« Des spectres hantent l’Europe » : Les fantômes d’Idomeni

Des spectres hantent l’Europe montre le quotidien d’un camp de migrants en Grèce.

Malika Butzbach  • 16 mai 2018 abonné·es

Et si, au cinéma, l’immigration était représentée non plus par des destins individuels, mais par des groupes indifférenciés ? C’est le projet du documentaire Des spectres hantent l’Europe, de l’écrivaine Niki Giannari et de la réalisatrice Maria Kourkouta. Poser deux caméras dans le camp d’Idomeni après la fermeture de la frontière entre la Grèce et la Macédoine, et filmer la vie des 15 000 migrants qui voient se fermer la route des Balkans. On ignore tout d’eux : leur histoire, le récit de leur exil et jusqu’à leur nationalité.

Les longs plans des pieds dans les files d’attente, où se mélangent sandalettes d’enfants et bottes boueuses, cet homme qui lance à un autre « Donne-moi 1 % d’espoir ! », les cris « Open the border » qui ponctuent le film… Toutes ces images évoquent le quotidien à Idomeni, dont le nom est davantage rattaché à un enjeu géopolitique européen qu’aux destins des exilés. Ceux qui se révoltent et décident de bloquer les voies des trains de marchandises.

Le documentaire n’en montre pas moins la complexité de la question, à travers de nombreux débats entre les Grecs et les habitants du camp. Les uns, malgré le contexte économique difficile de leur pays, nourrissent, soignent et proposent l’asile aux autres, qui, eux, n’ont qu’une idée, qu’un mot à la bouche : Allemagne.

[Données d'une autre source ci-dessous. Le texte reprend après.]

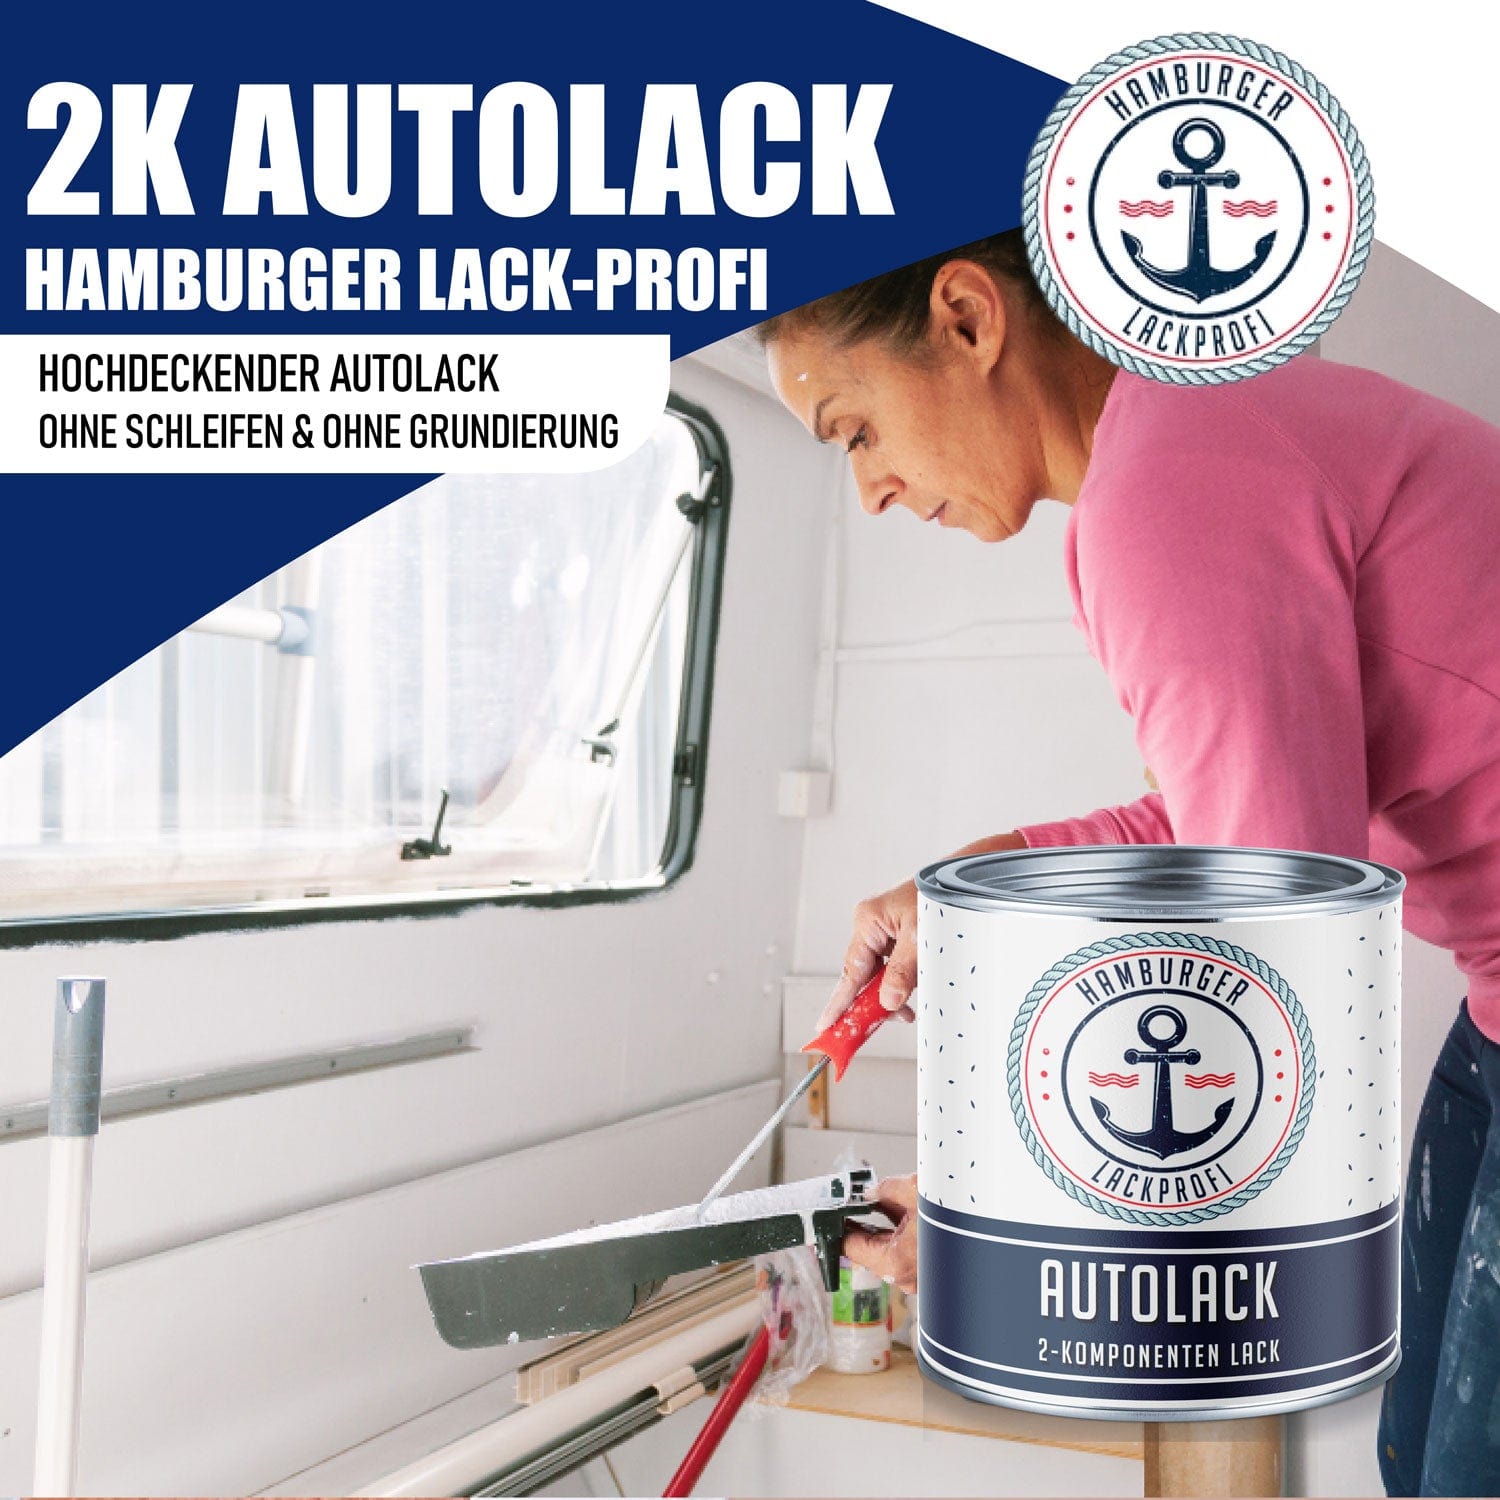 Hamburger Lack-Profi Lacke & Beschichtungen Hamburger Lack-Profi 2K Autolack in Resedagrün RAL 6011 mit Lackierset (X300) & Verdünnung (1 L) - 30% Sparangebot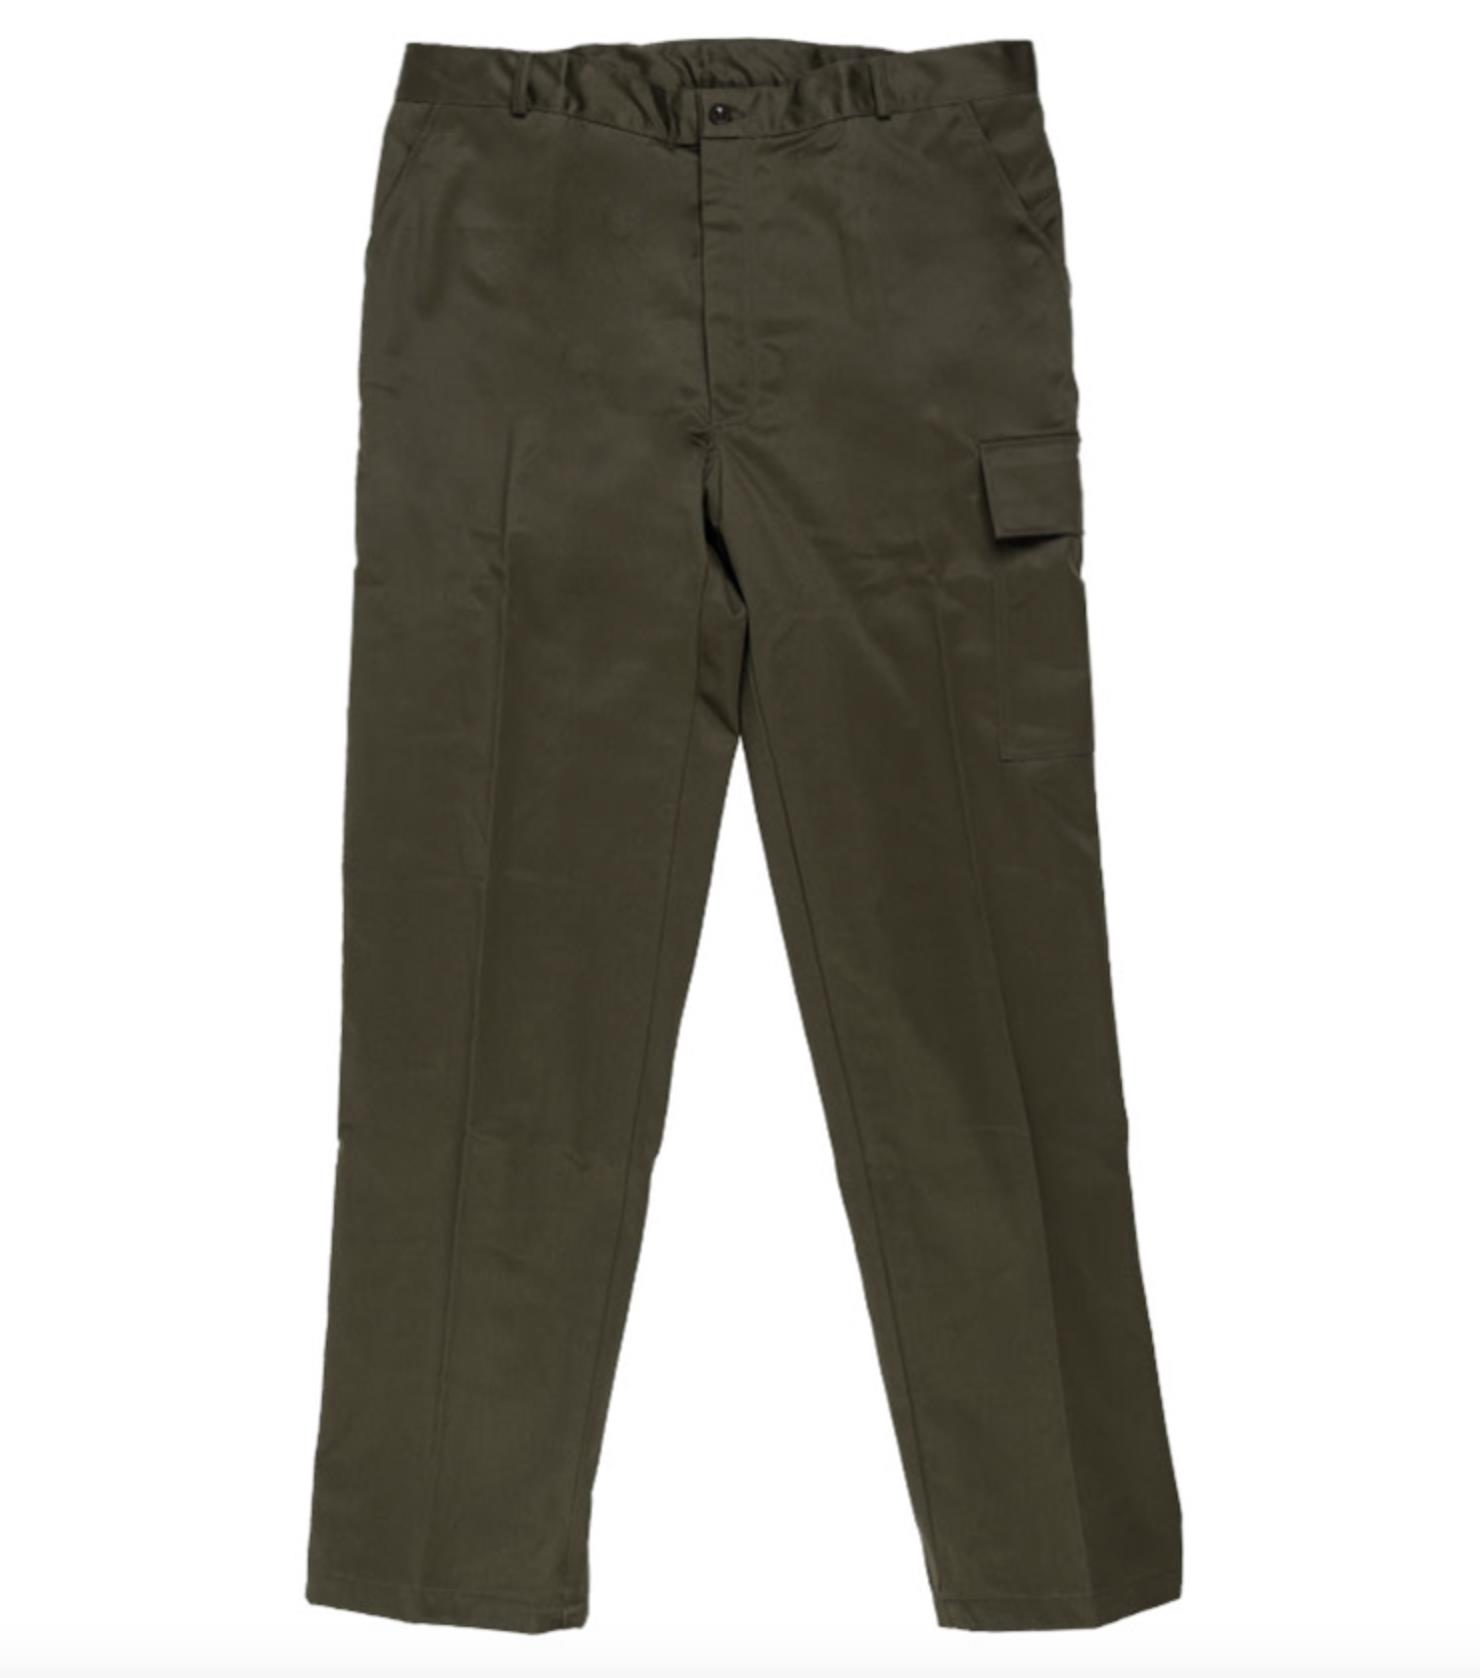 Genuine Belgian Army Surplus Field Uniform Trousers Pants Seyntex ...

Comment mieux rendre compte de l’hypocrisie européenne, qui laisse aux pays d’arrivée la charge de s’occuper des migrants, que par ces images ? La dernière partie du film réussit là où de nombreux médias ont échoué : prendre de la hauteur. Tournées avec une caméra argentique de 16 mm, en noir et blanc, les images d’Idomeni se mêlent à celles de la « jungle » de Calais, du ghetto de Varsovie et des prisons turques. Un recul historique nécessaire lorsqu’il est question de la fameuse « crise migratoire » que connaît l’Europe.

Des spectres hantent l’Europe, Niki Giannari et Maria Kourkouta, 1 h 30.